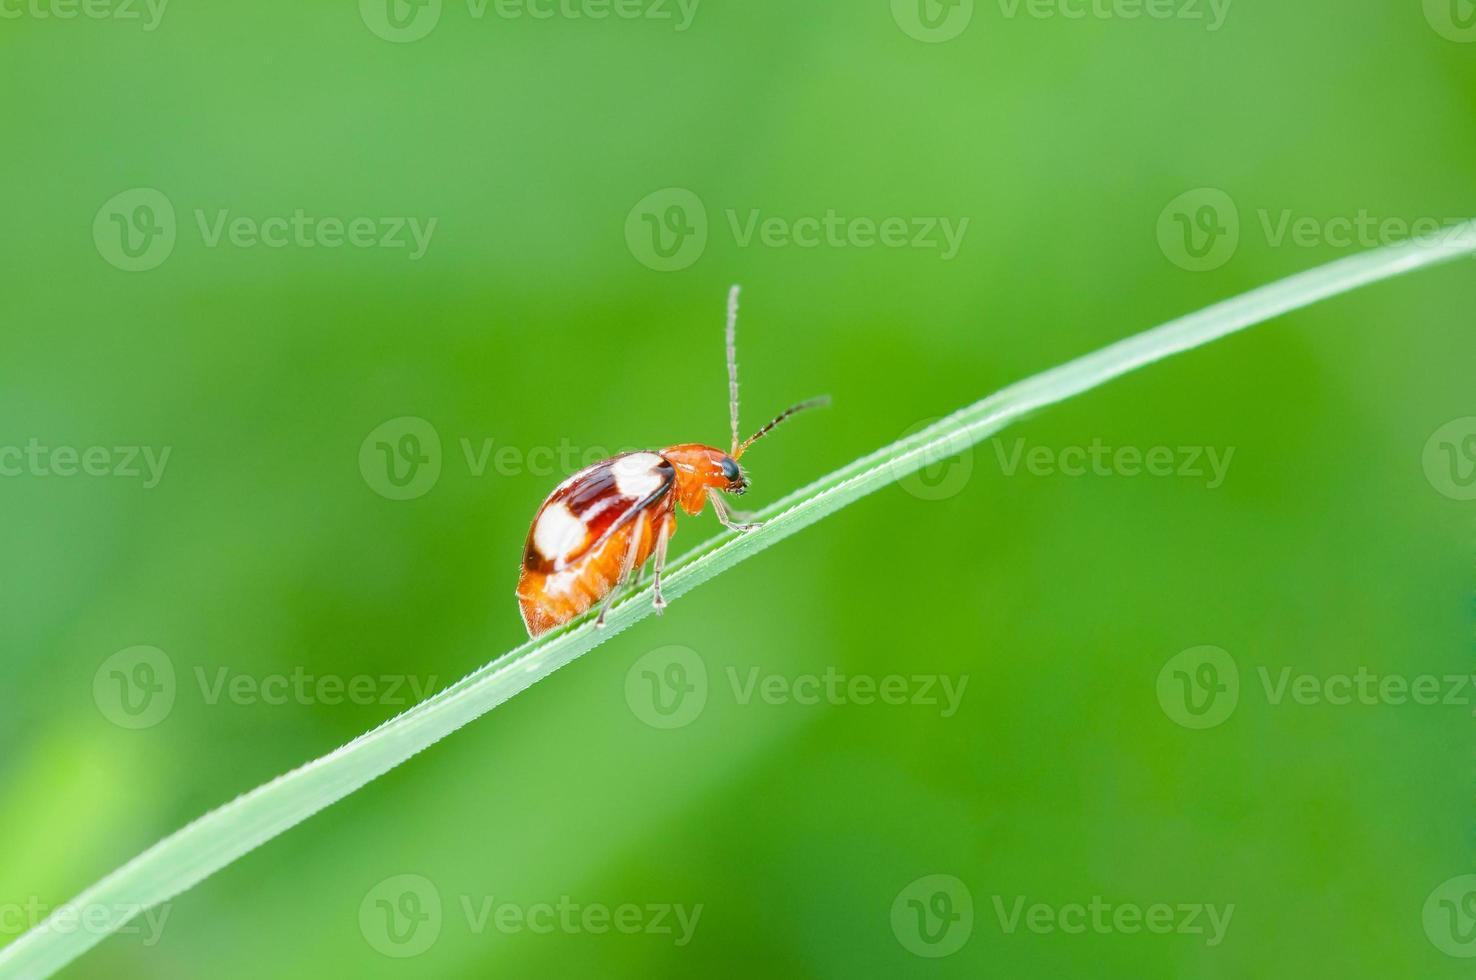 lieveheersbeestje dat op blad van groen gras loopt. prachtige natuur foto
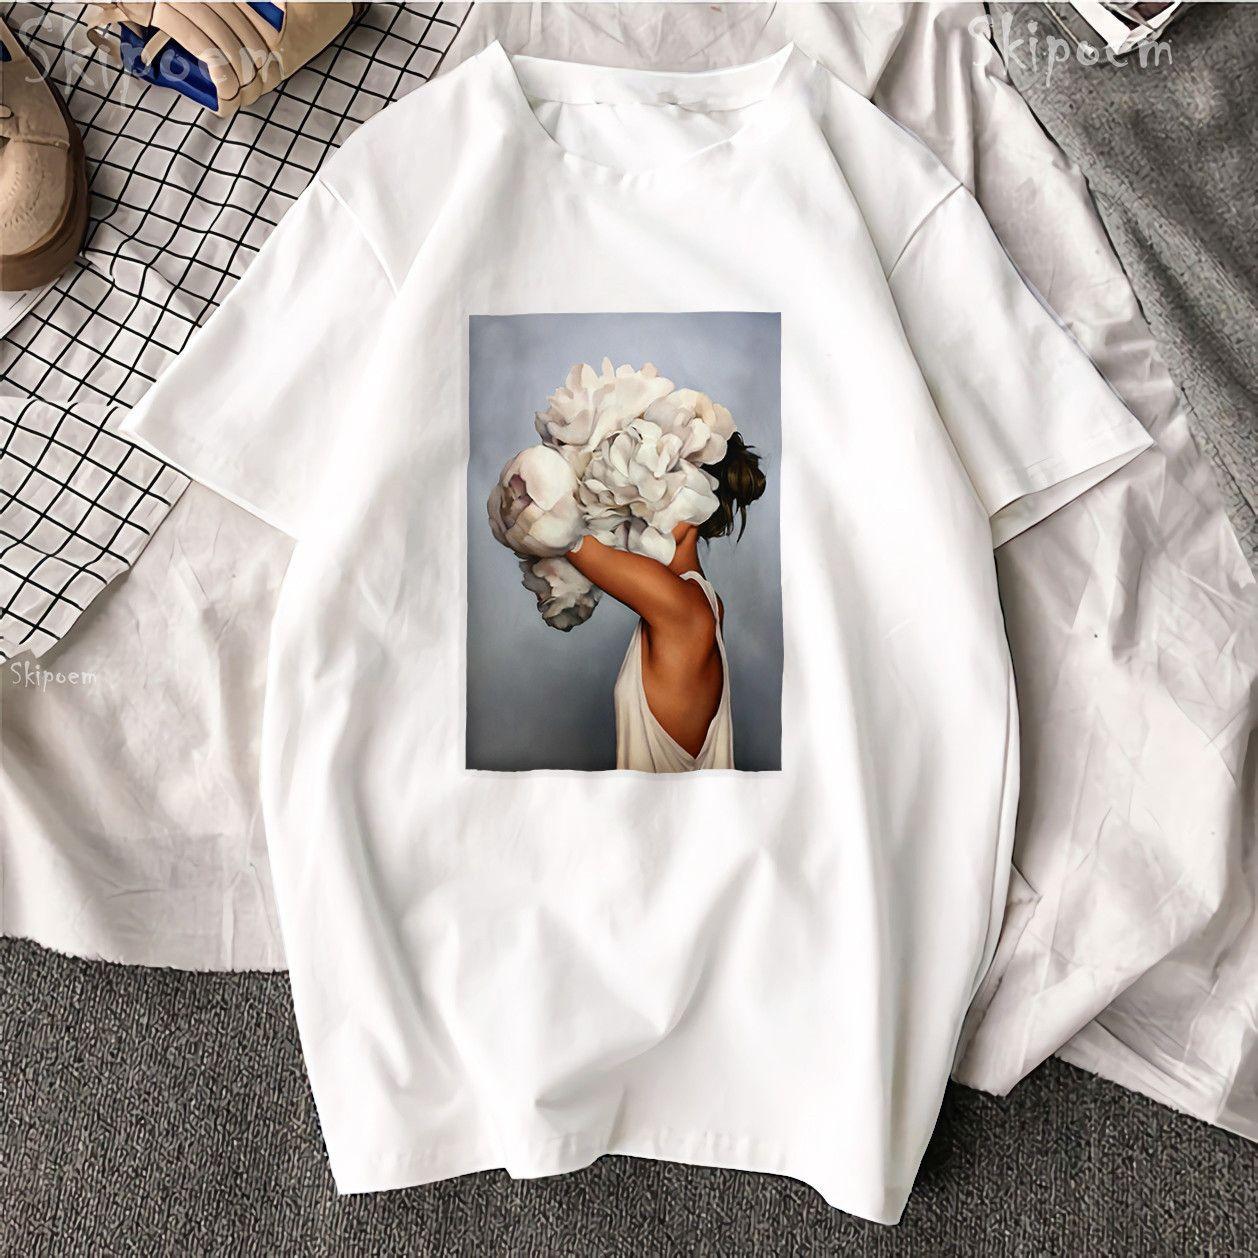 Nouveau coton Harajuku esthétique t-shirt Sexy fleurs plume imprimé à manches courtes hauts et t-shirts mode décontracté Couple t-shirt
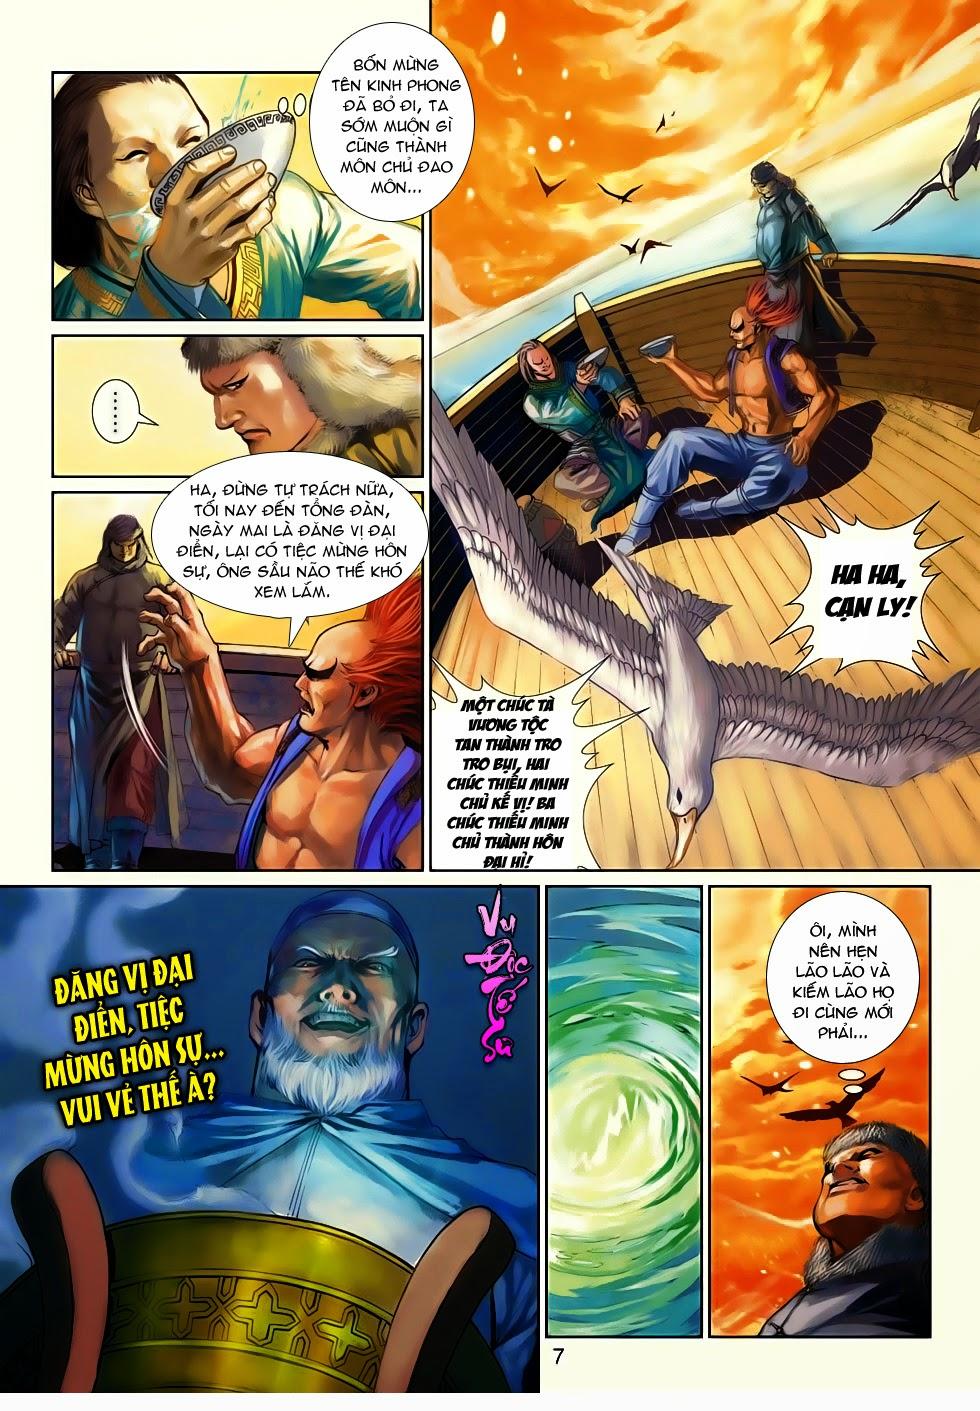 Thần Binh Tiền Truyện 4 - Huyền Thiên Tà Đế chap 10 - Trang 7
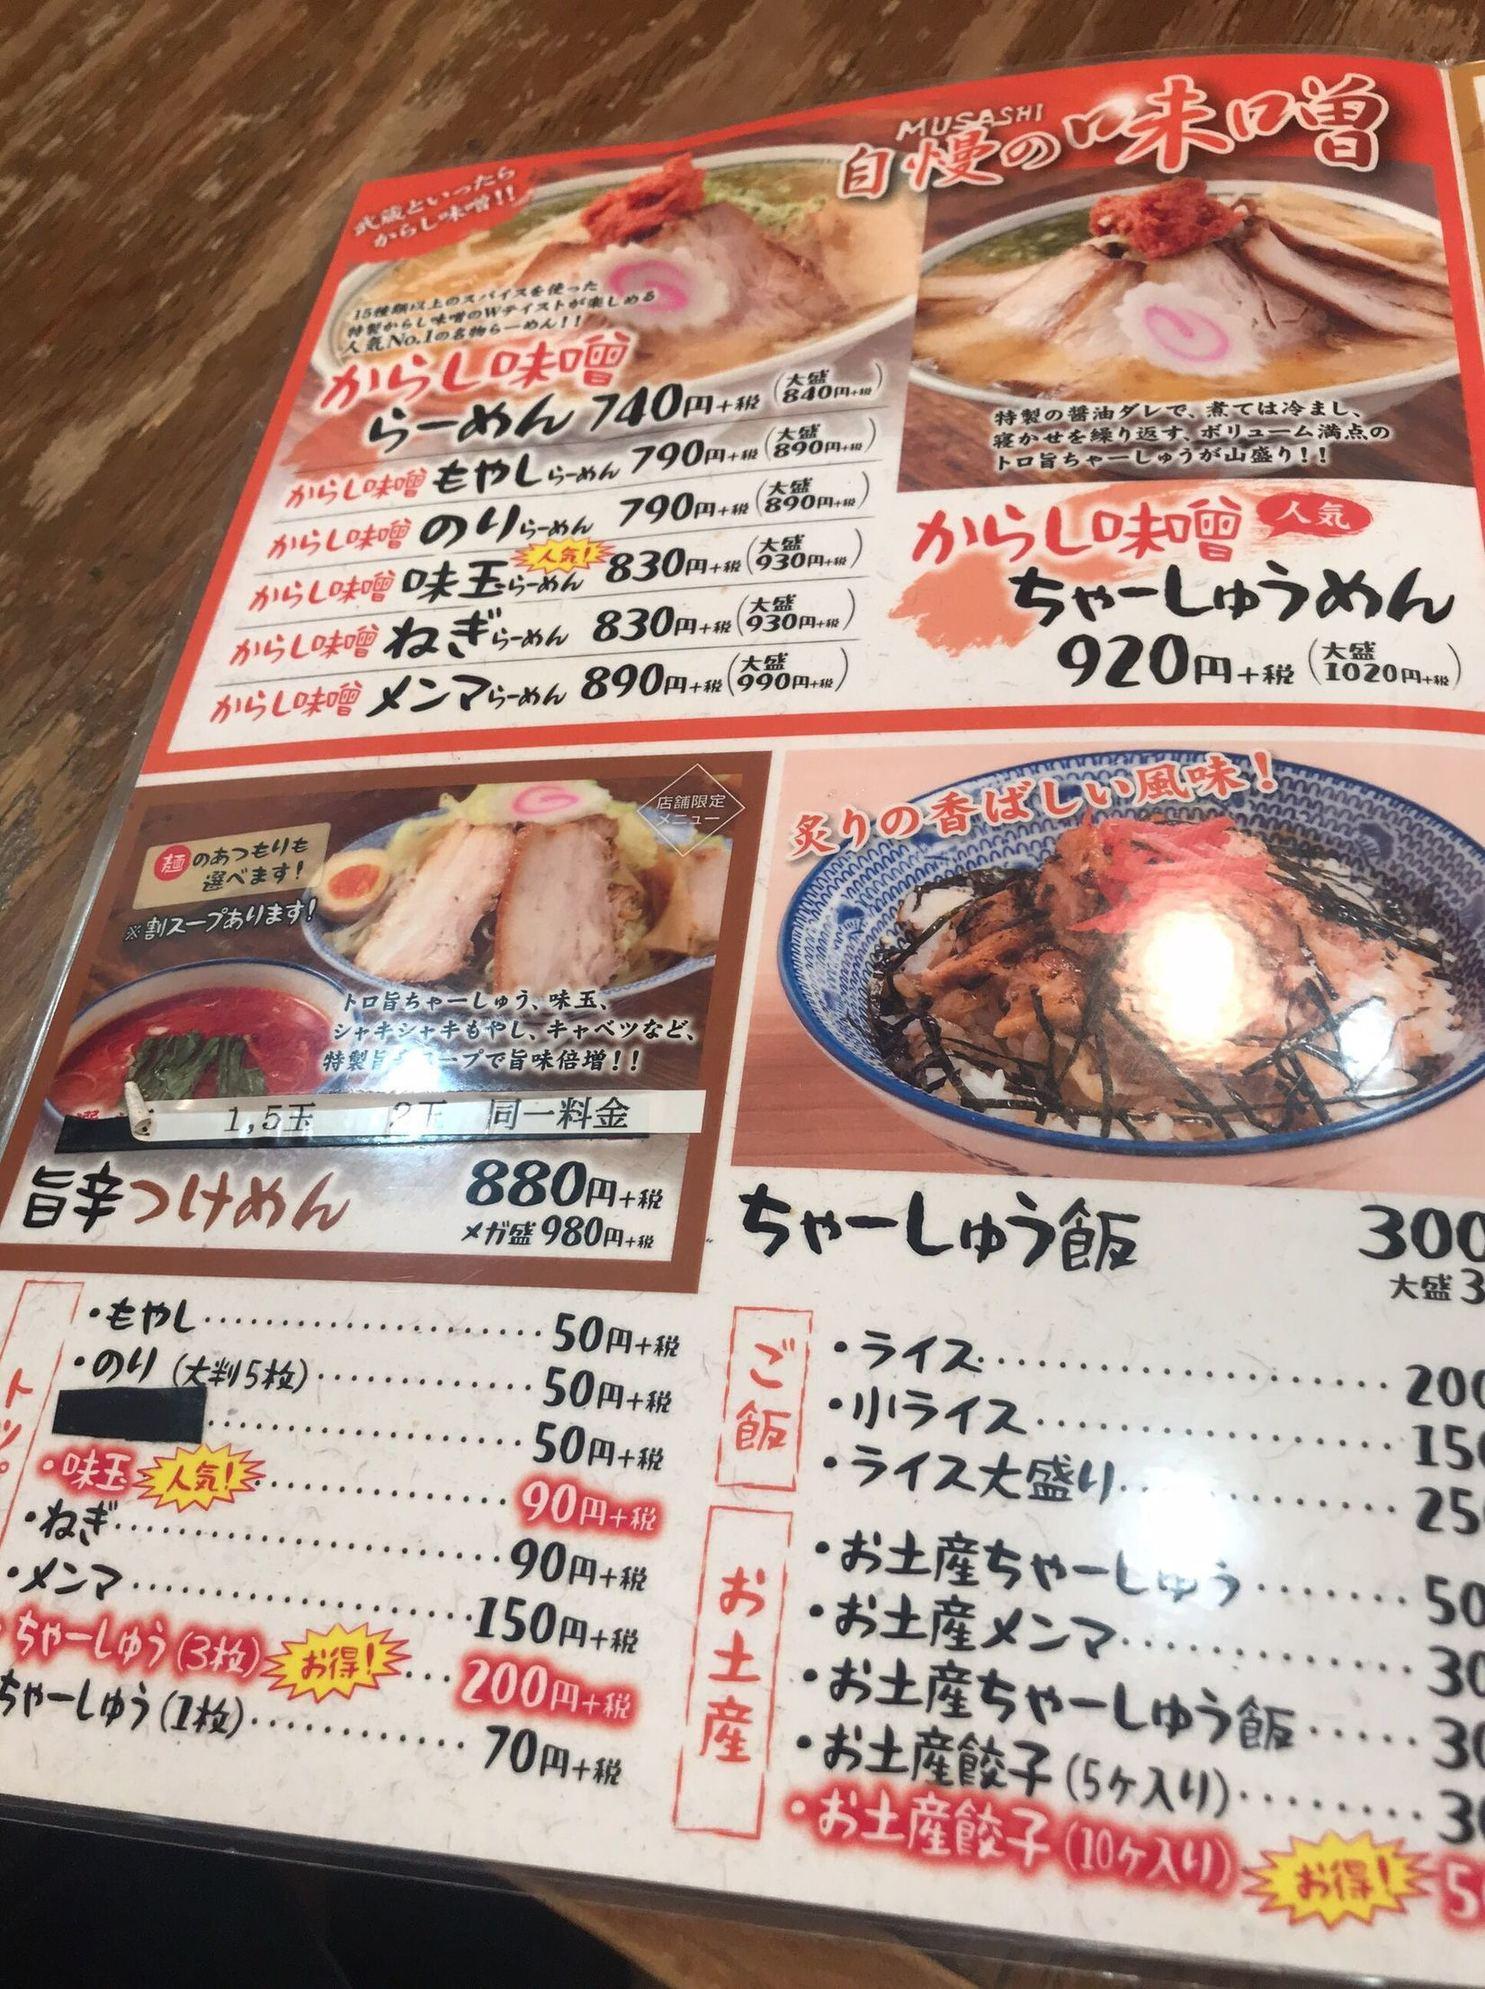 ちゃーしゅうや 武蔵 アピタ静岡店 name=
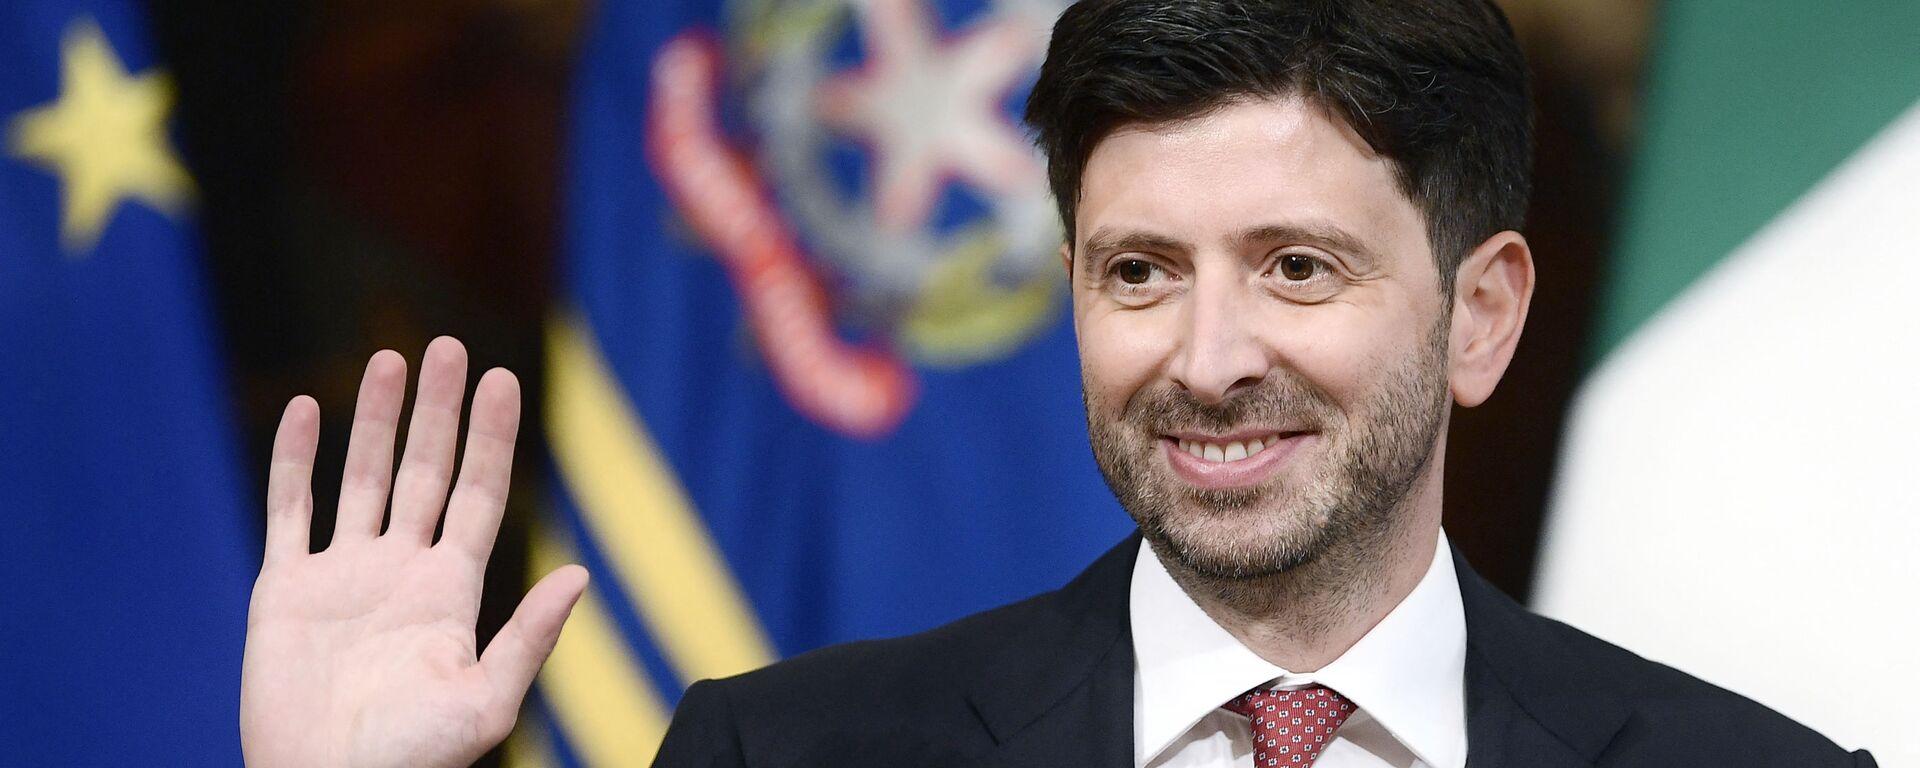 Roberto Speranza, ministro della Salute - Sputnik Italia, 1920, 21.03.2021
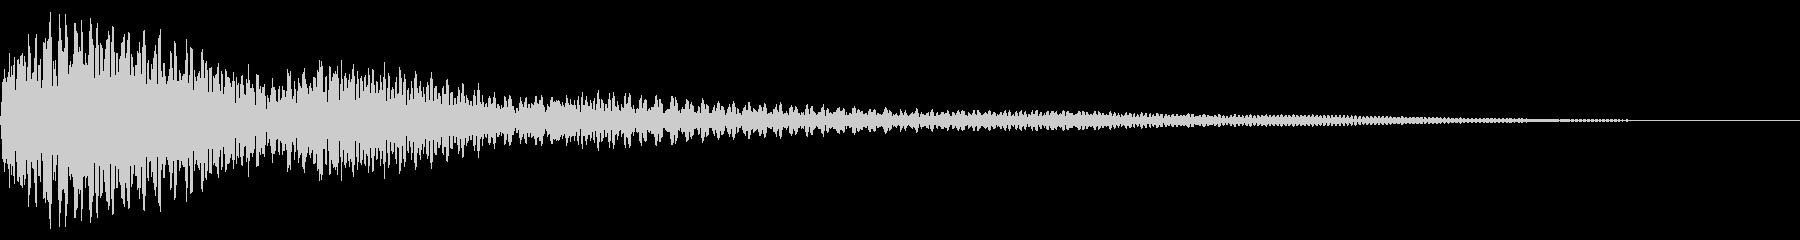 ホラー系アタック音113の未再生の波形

* * * * *

TASK
Set the records down again exactly, and omit any picture in them.

WRITTEN ANSWER
 lieveheersbeestje dat op blad van groen gras loopt. prachtige natuur foto
 Nouveau coton Harajuku esthétique t-shirt Sexy fleurs plume imprimé à manches courtes hauts et t-shirts mode décontracté Couple t-shirt
 Thần Binh Tiền Truyện 4 - Huyền Thiên Tà Đế chap 10 - Trang 7
 ちゃーしゅうや 武蔵 アピタ静岡店 name=
 Roberto Speranza, ministro della Salute - Sputnik Italia, 1920, 21.03.2021
 ホラー系アタック音113の未再生の波形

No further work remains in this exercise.